There is a fundamental misunderstanding about what it takes to secure the mainframe

Mainframers need better tools, training and education, writes Ray Overby, co-founder and president of Key Resources

In today’s world, mainframes play a critical role in the daily functioning of most of the largest corporations and in many cases are the backbones of data centres. They keep daily operations up and running in industries ranging from banking to insurance to government, to name a few. In fact, 71 percent of global Fortune 500 companies use mainframes, as mainframes handle 68 percent of the world’s production IT workloads.

Mainframes are mission-critical, but they’re often taken for granted – especially when it comes to mainframe security. Despite the mainframe’s well-earned reputation for being the most securable platform, mainframes still need to be given as much attention as any other computing system when it comes to security.

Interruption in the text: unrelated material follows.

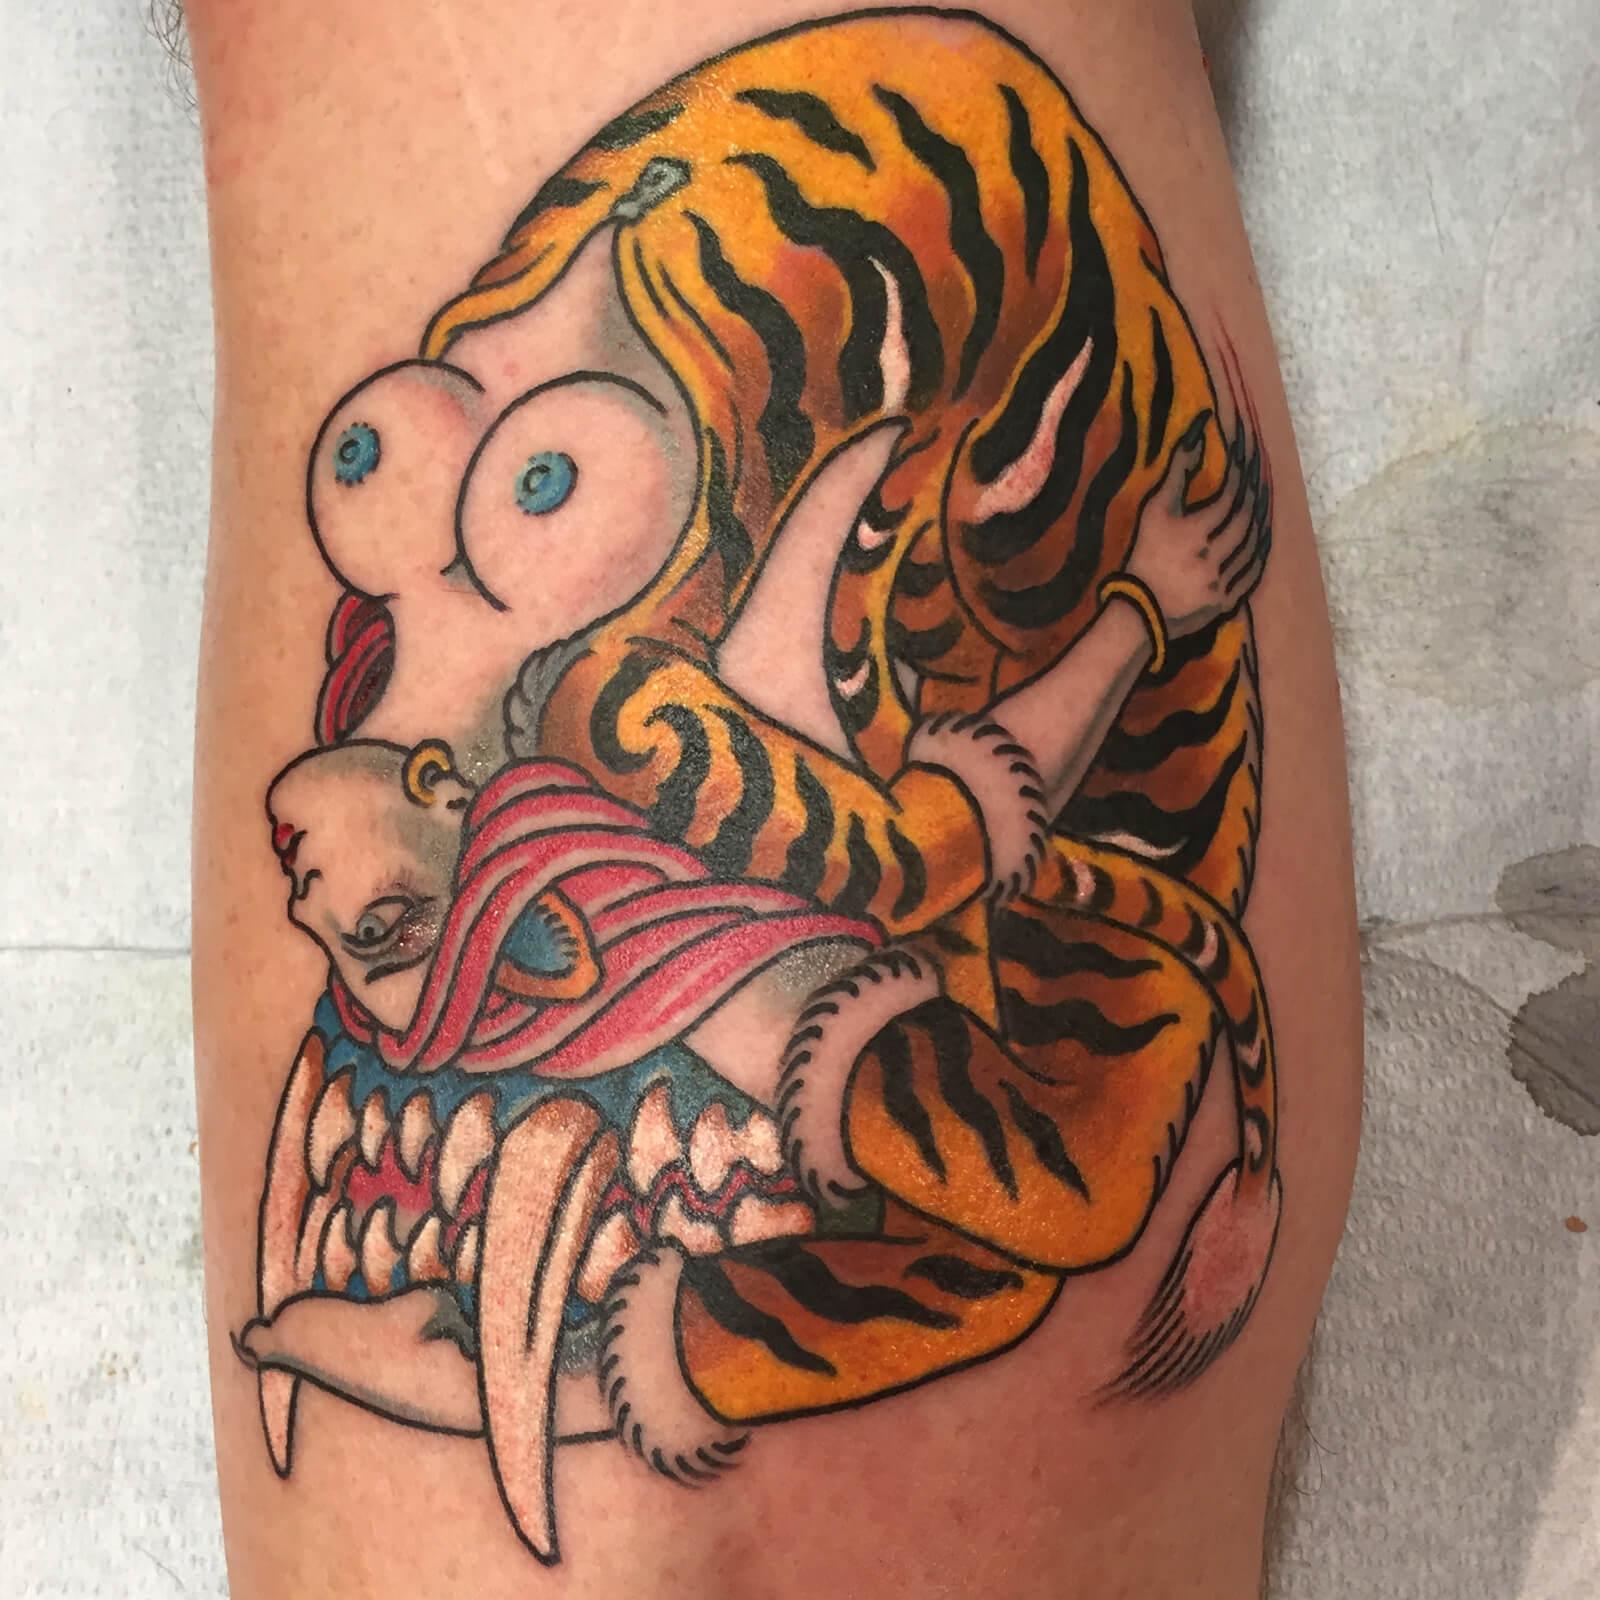 Lango-Oliveira-black-heart-tattoo-8

Perhaps because of this misconception, there’s an issue in the mainframe world with complacency around security. And, in today’s cloud-first mentality, many organisations are actively working to secure their new cloud infrastructure, but they’re not necessarily working to ensure the security of mainframes, which also increasingly interact with the cloud.

A recent Forrester Consulting study put some context around this issue. The survey found that while 85 percent agree that mainframe security is a top priority for their company, just 33 percent always or often take the necessary steps to protect the mainframe.

Security isn’t being factored into decisions about mainframe security. The unfortunate truth is that complacency around mainframe security is putting countless mainframes – and the mission-critical data they hold – at risk.

What’s the risk?

The same study found that 95 percent of companies are worried about the potential of customer data breaches on the mainframe. That’s with good reason, since data breaches are incredibly costly and becoming more and more prevalent. All it takes is one data breach to seriously damage an organisation.

In the US, the average data breach could cost a company $7.9 million (6.24 million), and the cost for each lost or stolen record containing sensitive information averages $148 (£116).

Mainframe security misconceptions

Part of the problem is that there’s a fundamental misunderstanding among IT managers and security professionals around what it takes to secure the mainframe. Even though data breach prevention is a top priority, scanning for operating system (OS) vulnerabilities came in last place on companies’ to-do list according to the same Forrester study.

That’s misguided, since actively scanning for vulnerabilities is a critical way of preventing data breaches. A separate February 2019 Forrester study, “The State of Application Security, 2019,” revealed that, among companies who have experienced a breach within the last year, 35 percent were caused by an exploited vulnerability.

In order to minimise the potential for a data breach, organisations have to secure the operating system first. That’s where hackers go looking to gain access to critical corporation data, through escalation of privileges.

Exploiting OS-level vulnerabilities

Here’s how it happens. Vulnerabilities pop up because of bad code introduced to the mainframe operating system, which can happen during an OS upgrade, standard maintenance or the introduction of a new third-party software product. Vendors try to catch these gaps, but many still make it through because it’s very difficult to anticipate how software will run in every client environment.

Hackers who exploit these OS-level vulnerabilities have full access to mainframe data, applications and users. They can escalate their own user privileges, dig into data from hundreds of applications and thousands of users, and then completely cover their own tracks, so you’ll never know they were there. It’s a PR and security nightmare waiting to happen.

What does this era of complacency mean for the mainframe world, going forward? The good news is that most companies understand their own limitations around preventing zero-day attacks, and IT managers know that they need help with their mainframe security. 86 percent of those surveyed in the complacency study admitted that protecting their systems from zero-day attacks is their biggest challenge.

As a result, more and more companies are looking outside of the organisation for help review security and compliance. Better training, resources and education will give mainframers the tools they need to adequately manage the security of these mission-critical systems.